----- Supplied data
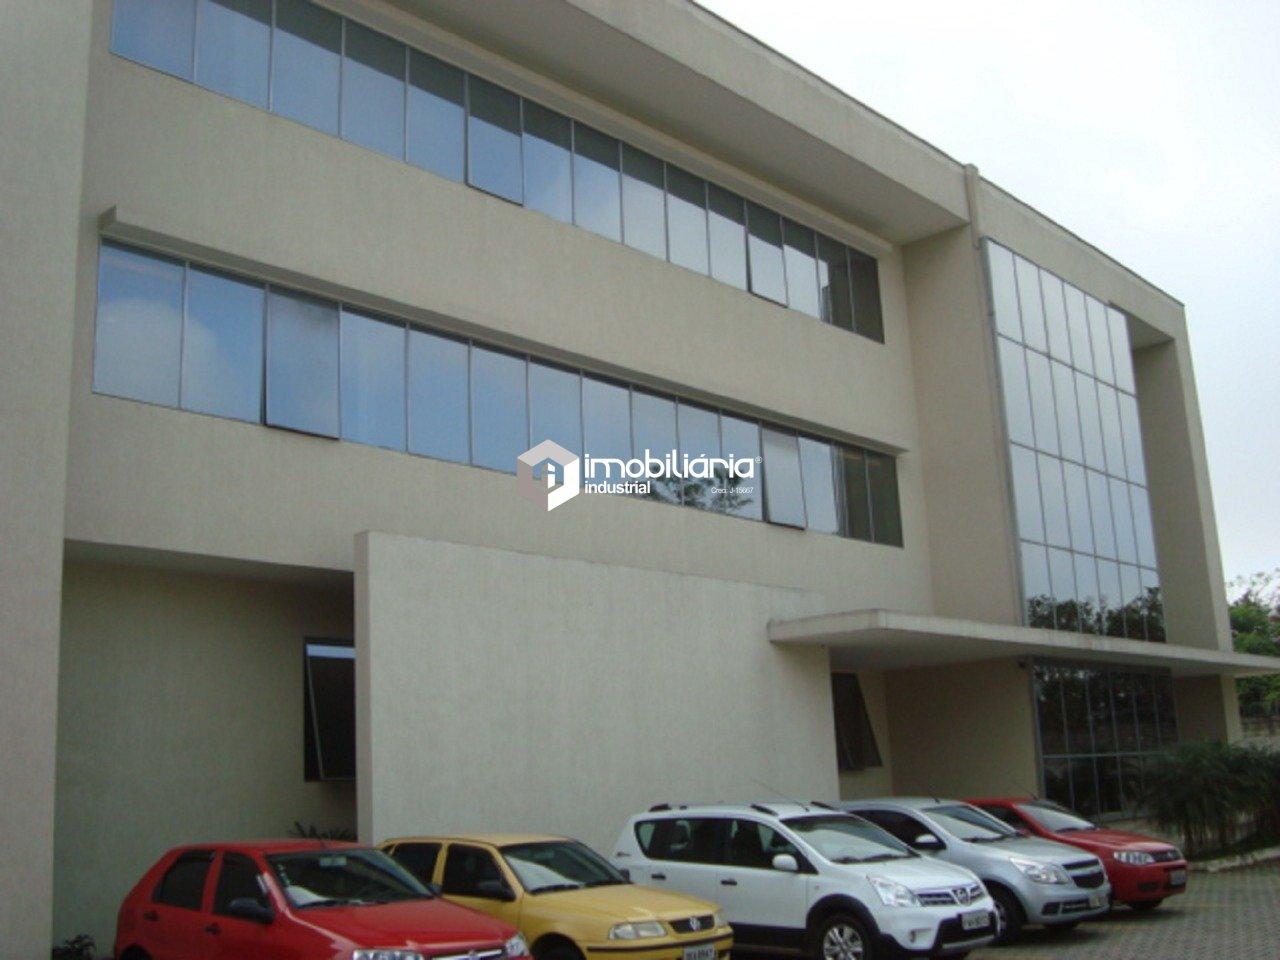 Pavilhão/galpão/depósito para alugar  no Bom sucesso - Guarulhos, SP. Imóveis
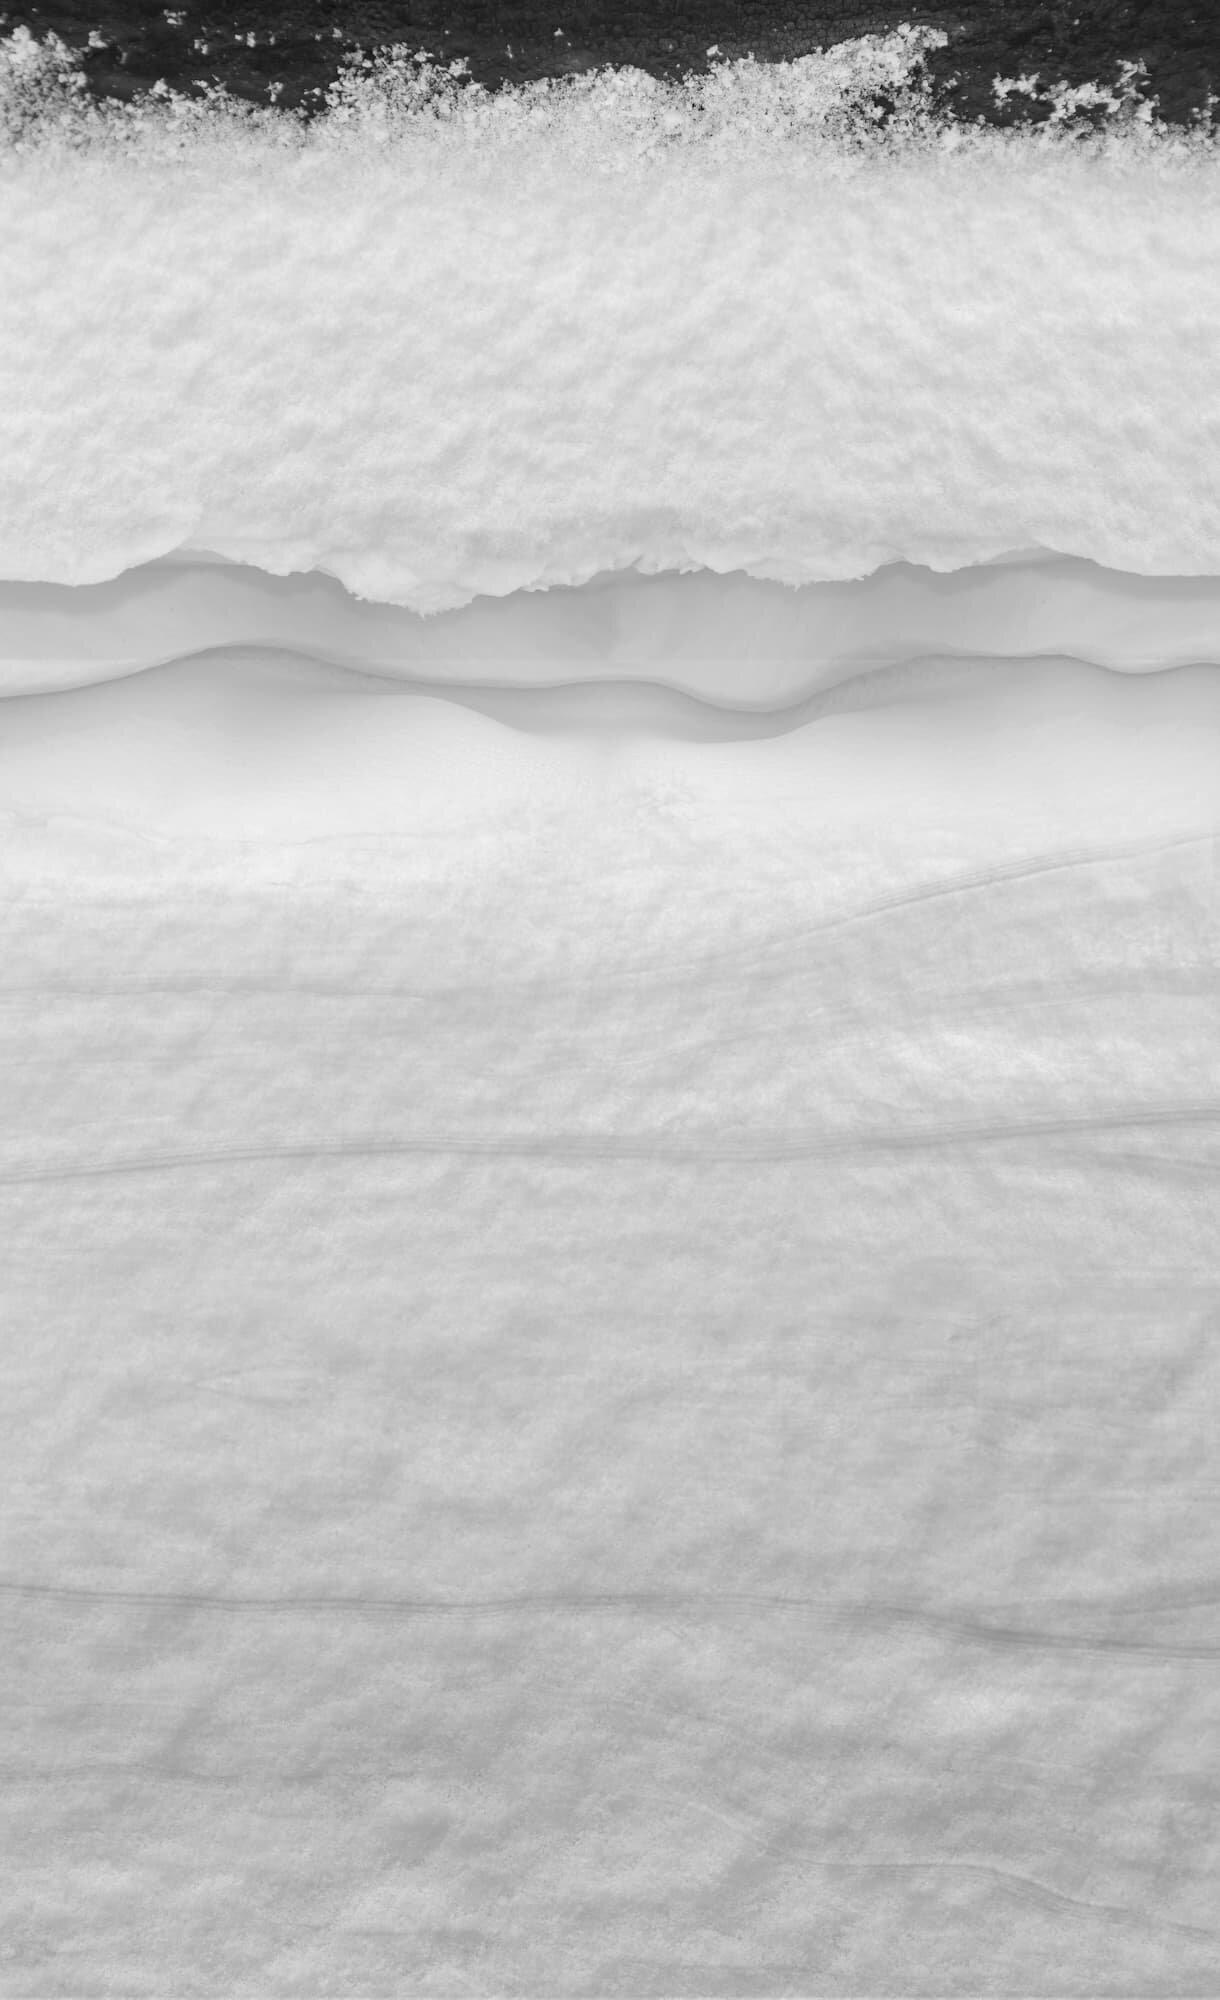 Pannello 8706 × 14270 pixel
----------
----- Supplied data
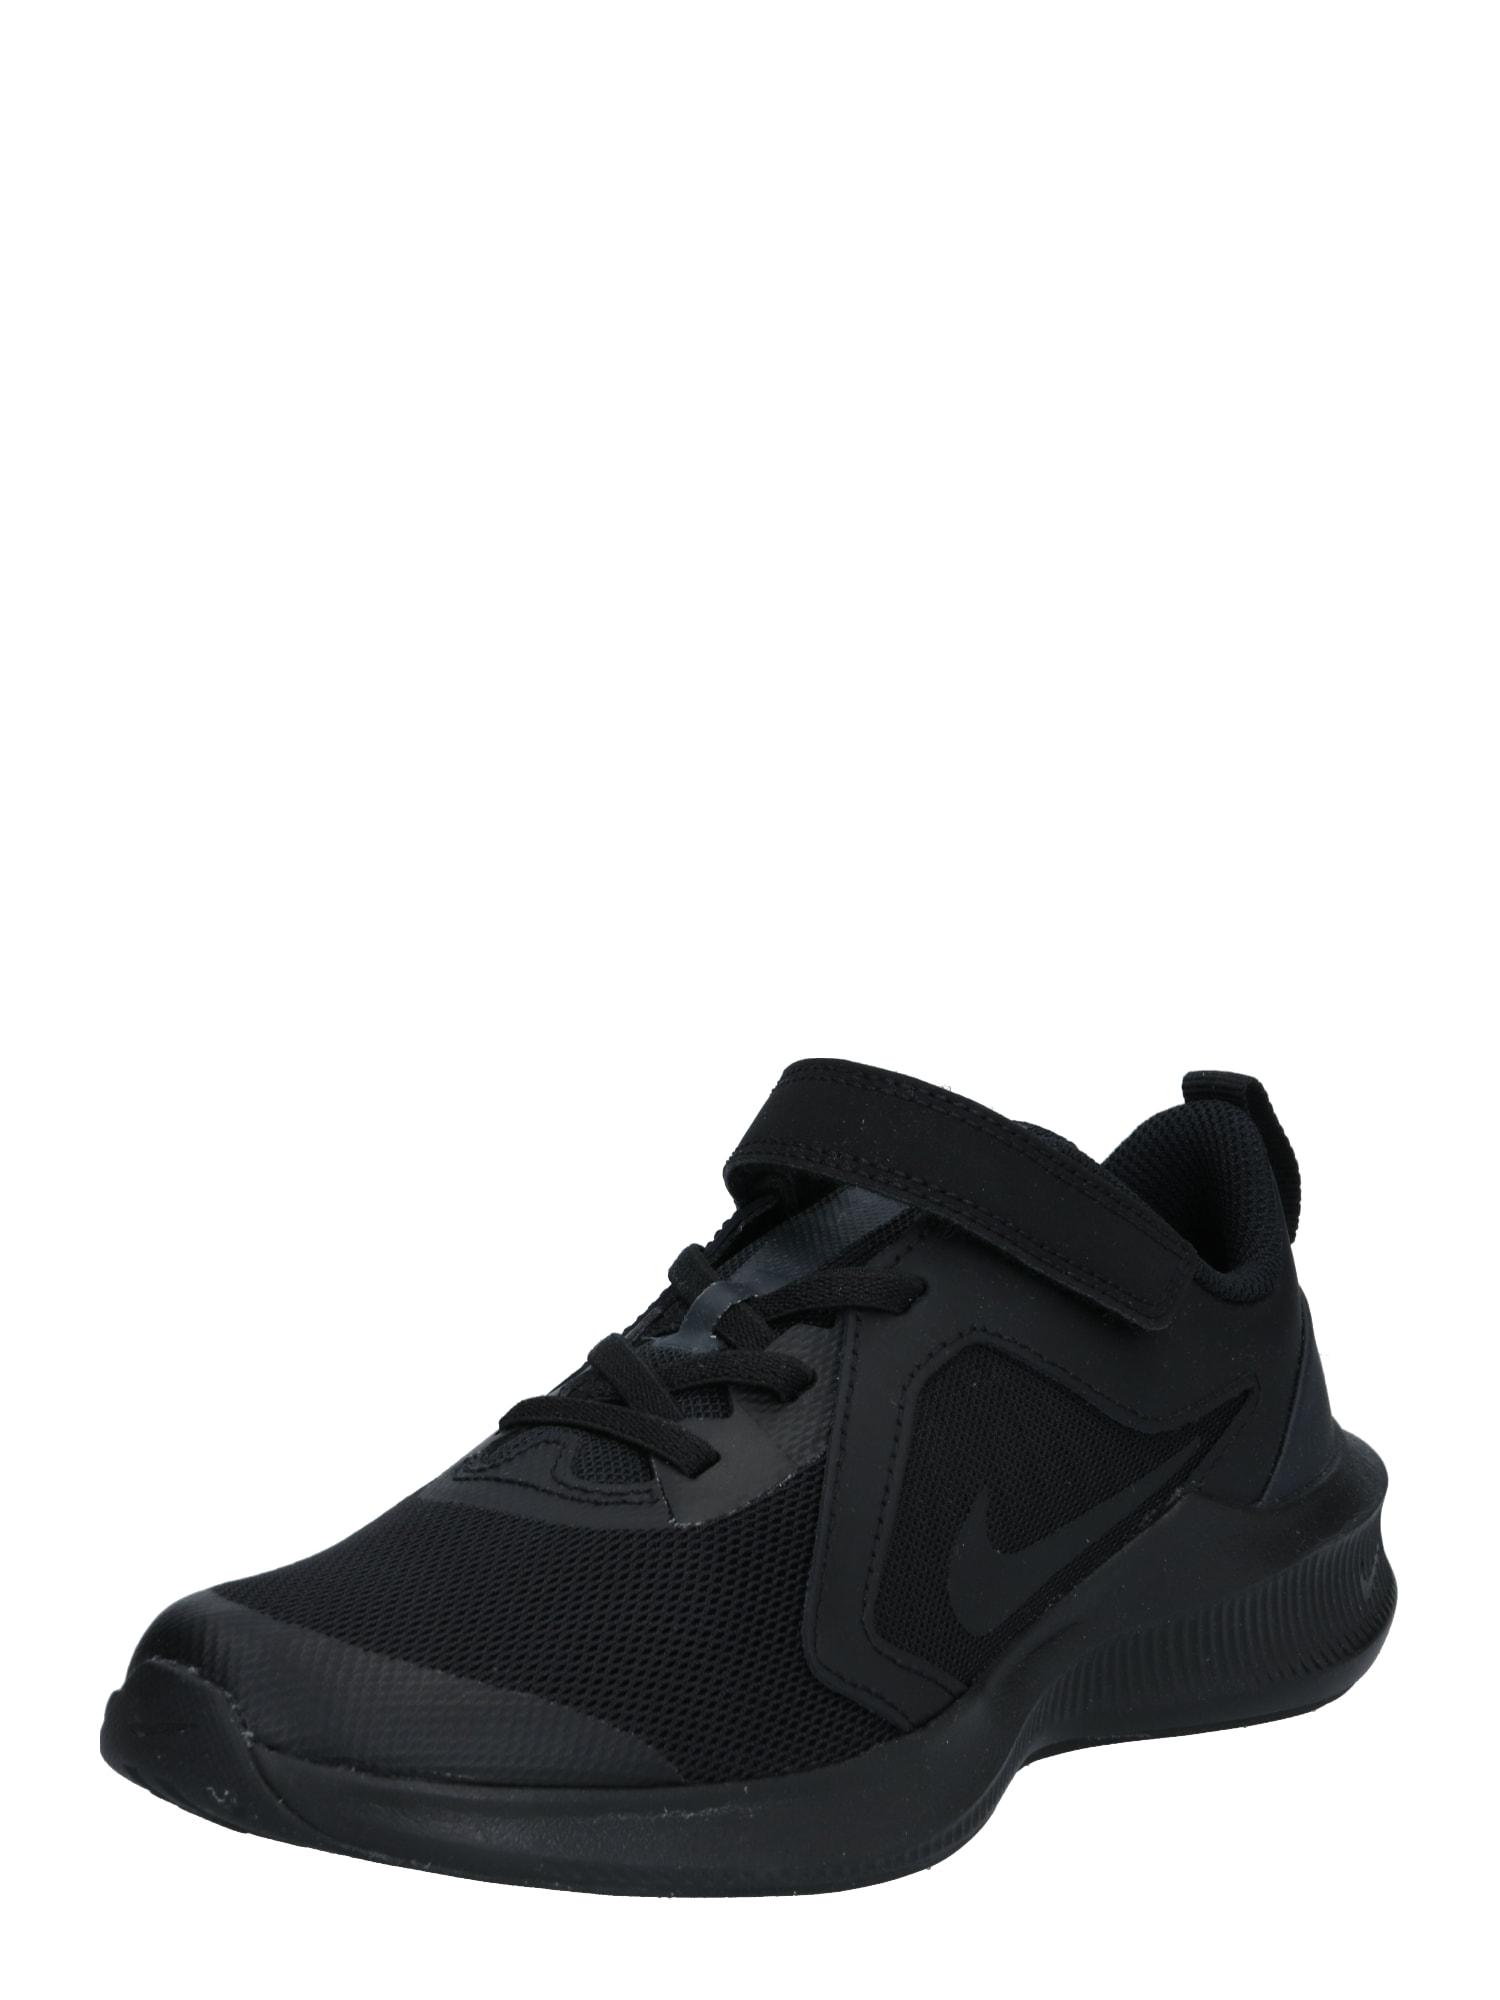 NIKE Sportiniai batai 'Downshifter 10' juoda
----------
Reproduce the records above exactly, but only from the line with "Pavilhão/galpão/depósito para alugar" up to and including the line with "Pannello 8706 × 14270 pixel". Leave the pictures out.

→ **Expected answer**:
 Pavilhão/galpão/depósito para alugar  no Bom sucesso - Guarulhos, SP. Imóveis
 Pannello 8706 × 14270 pixel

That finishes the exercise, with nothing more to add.